Let's take user registration as an example. Storage is covered. I have a users table and a model class that allows me to create, read, update and delete users. Check. Next is the controller logic, which validates the registration data, manage the page flow and interact with the model (for example to send out an activation email). That is mostly done too. Finally we have the presentation layer.
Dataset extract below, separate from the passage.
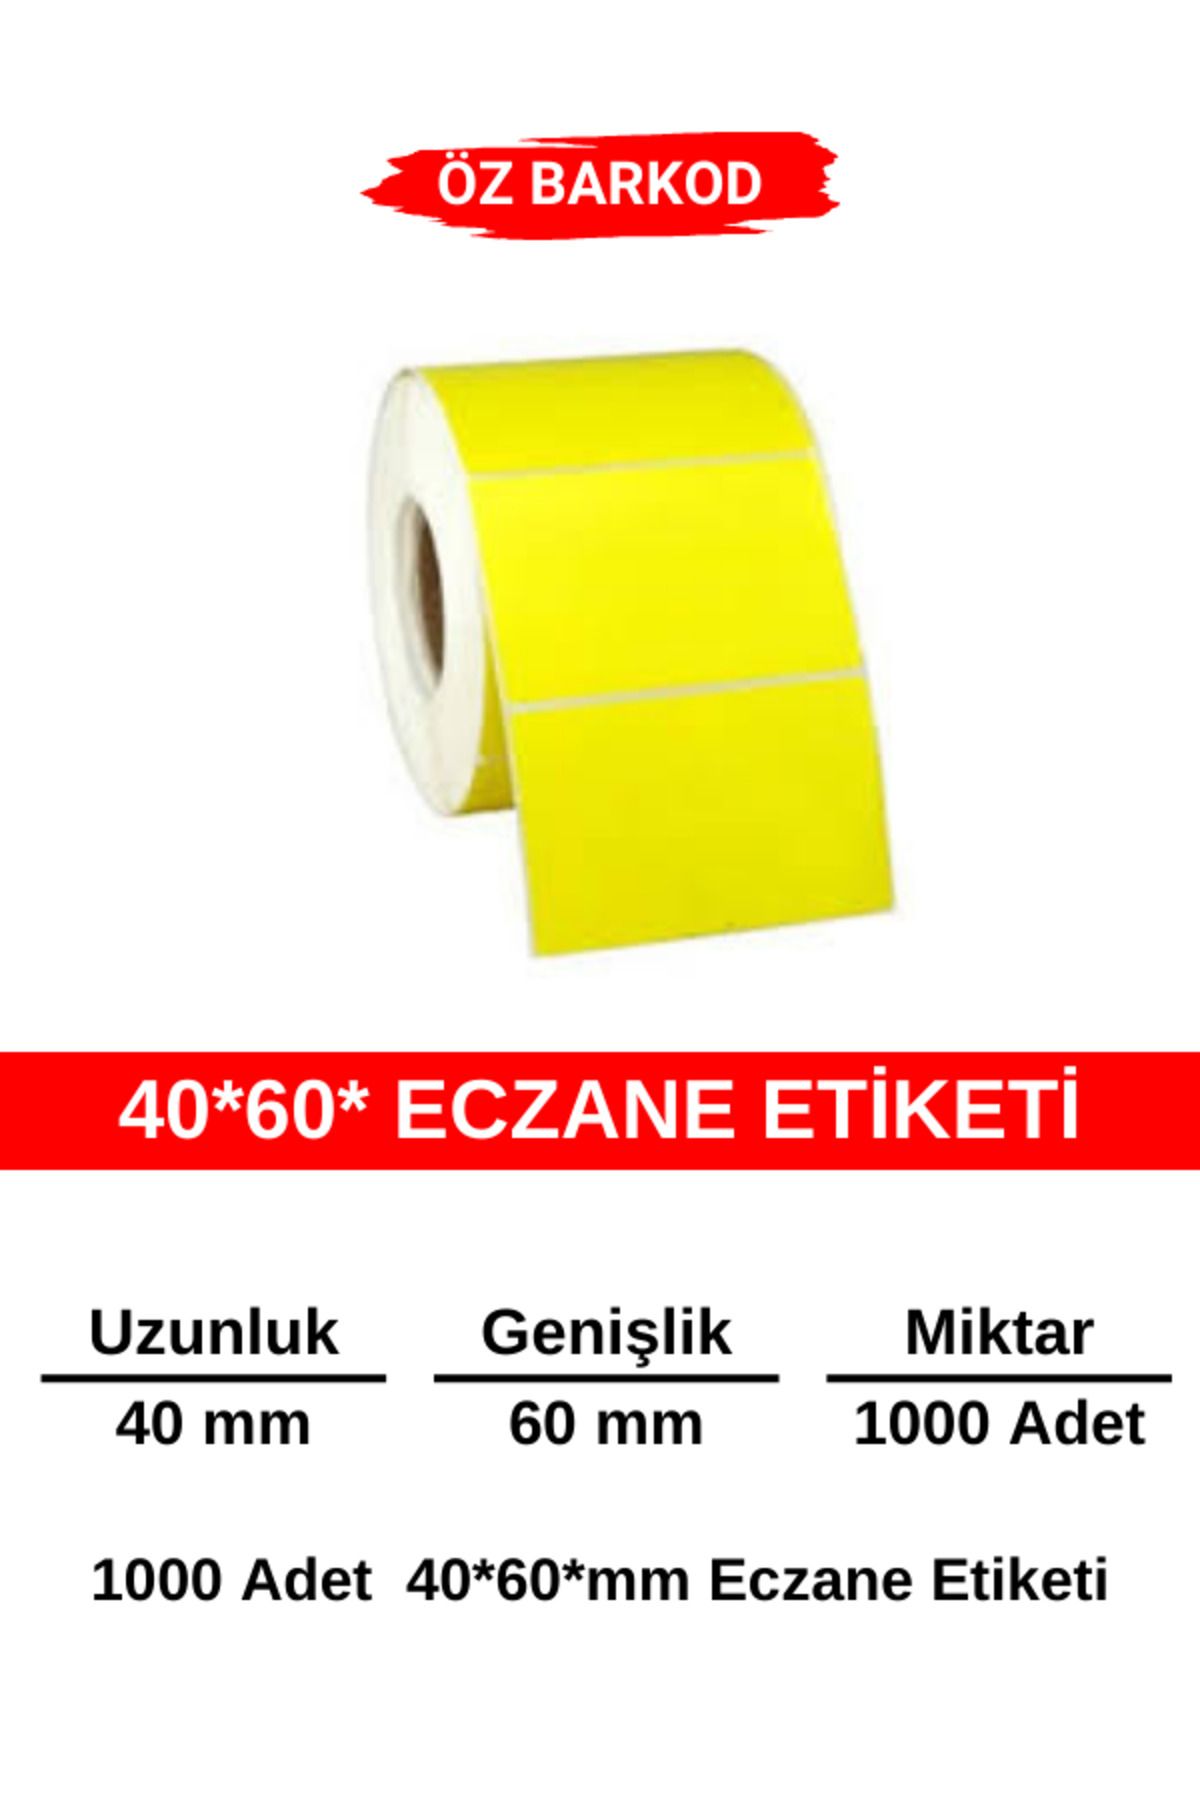 ÖZ BARKOD Eczane Etiketi 40*60 mm  - 1000 Adet - Sarı Etiket

The presentation layer consists of three layers actually. There is markup, there is style, and there is behavior. I want to focus on behavior now. For years I've been applying the common practice of interweaving behavior with markup, as most of us do:
<form name="frmRegistration onsubmit="validate(this)">
<input type="button" name="checkuser" value="Check user" onclick="checkUser" />
After reading with fascination about jQuery for months, I finally took the plunge and applied it to a form: the JungleDragon registration form. I now regret not doing this earlier, because it is true what they say. jQuery allows you to completely seperate the front-end behavior from its display (markup):
<form name="frmRegistration">
<input type="button" name="checkuser" value="Check user" />
I will even go as far as to say that jQuery is a major breakthrough in web development, as big as the arrival of CSS years ago. Anyway, enough about that. What I wanted to do is implement jQuery-based input validation to the user registration form, in order to see how and if it will affect my backend implementation. Behold the form:
As mentioned, the markup is still not styled. I first wanted to make it work. Do not be fooled by the simplicity of this form though, there is quite a lot going on:
- It features real-time validation, the user gets feedback as he types.
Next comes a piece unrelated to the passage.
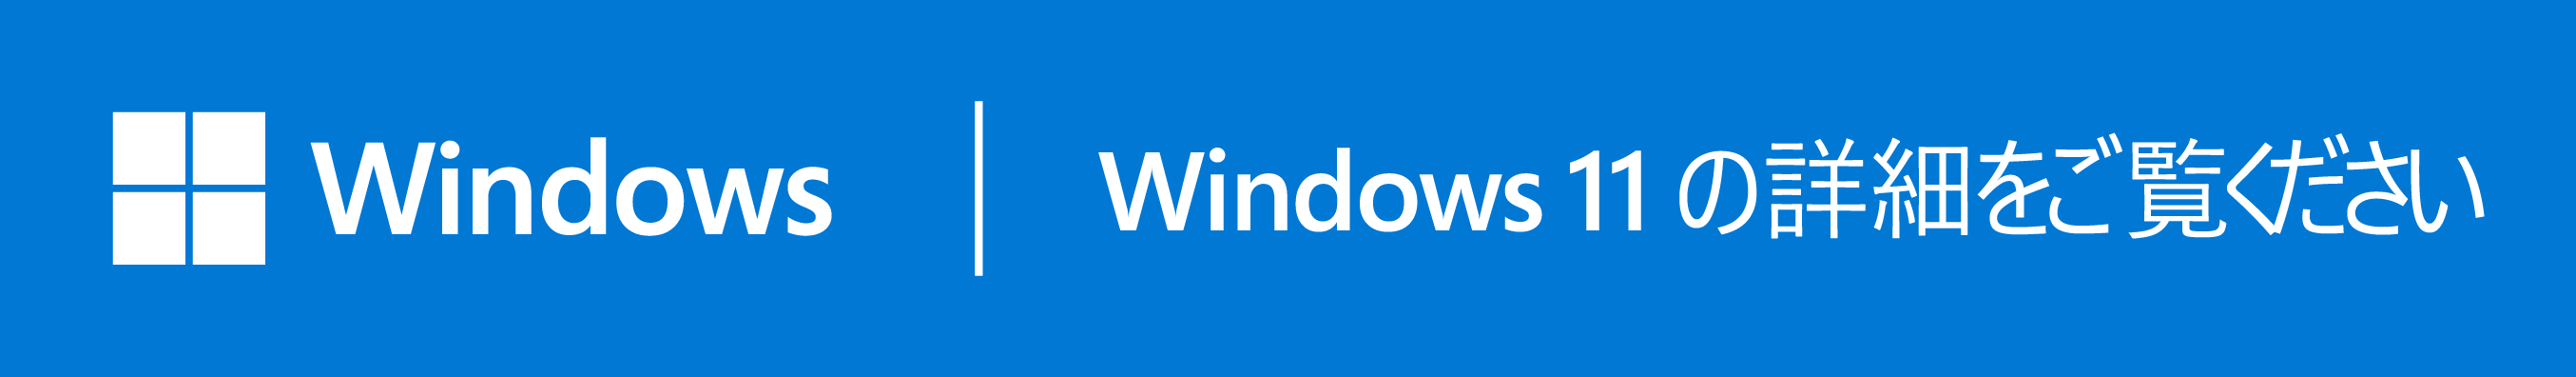 ASUS はビジネスに Windows 11 Pro をお勧めします。

- There is a wealth of validation logic going on: checking required fields, input formatting, minimum/maximum length validation, field matching (for the email and password), and remote checks (JSON-based) to see if the username and password do not exist yet.
- The above form and all its validation rules also work when Javascript is disabled. The user will pass by back-end validation no matter what.
- All values entered are preserved in case the user breaks the validation.
- A nice little gimmick: I've implemented a completely custom CAPTCHA check where the user sees a random picture and has to identify what it is.